(The Center Square) – Three weeks to the deadline, adjustments for North Carolina’s two-year budget are projected to arrive late again.
General Assembly chamber leaders acknowledge the differences are significant, possibly as much as $1 billion. Republicans have three-fifths majorities to the number in both the 50-member Senate and 120-member House of Representatives.
Rep. Tim Moore, R-Cleveland, is leaving his speaker post and the chamber in a bid for Congress where he is favored to win in November. He said this week making a statement with higher pay for teachers and state employees is part of the holdup.
Sen.
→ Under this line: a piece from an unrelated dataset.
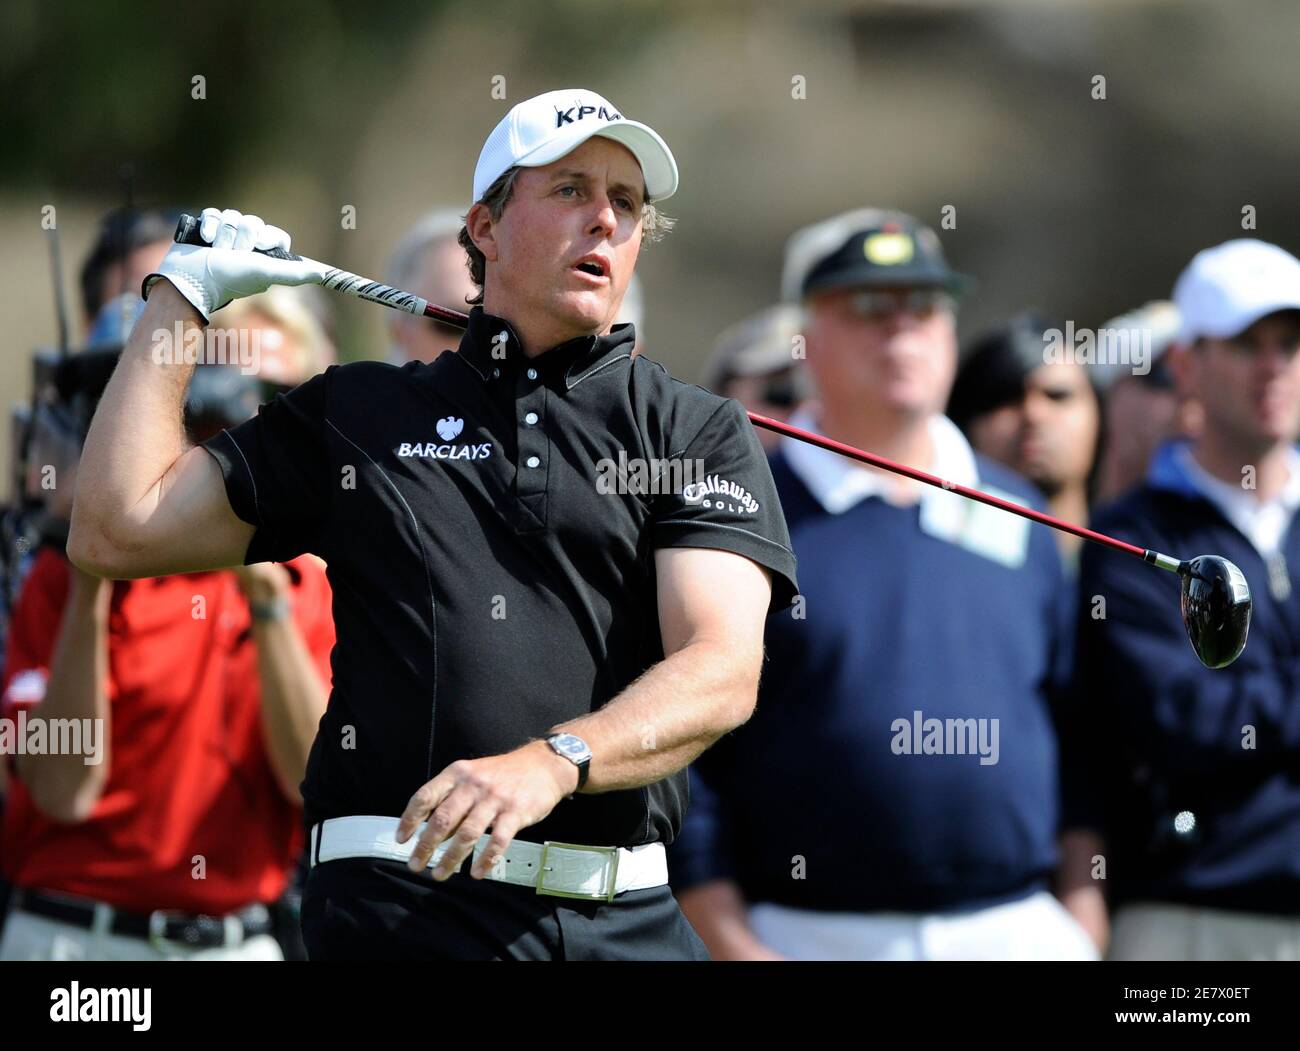 Phil Mickelson of the U.S. reacts to a slice on the second hole, sending his ball into the rough, during the second round of the Northern Trust Open golf tournament in the Pacific Palisades area of Los Angeles February 20, 2009. REUTERS/Gus Ruelas (UNITED STATES) Stock Photo

Phil Berger, president pro tempore of his chamber, says the difference in proposed budgets is in the neighborhood of $1 billion. He’s called some of the spending “pork,” or largesse of lawmakers’ projects.
June 30 is the end of the fiscal year. In 2023, the new budget Sept. 22 marked the approval date by the General Assembly after months of negotiation ending with a $60.7 billion spending plan inclusive of $17.3 billion for education this year and $17.9 billion for next; and a record-setting $7.33 billion appropriation in health care the first year, and $7.76 billion in the second.
The House version could surface in the coming week and reach a floor vote.
Gov. Roy Cooper has deemed public education in a state of emergency, although not by executive order such as when hurricanes hit. He’s long advocated for increased salaries for teachers and pumping money into public schools.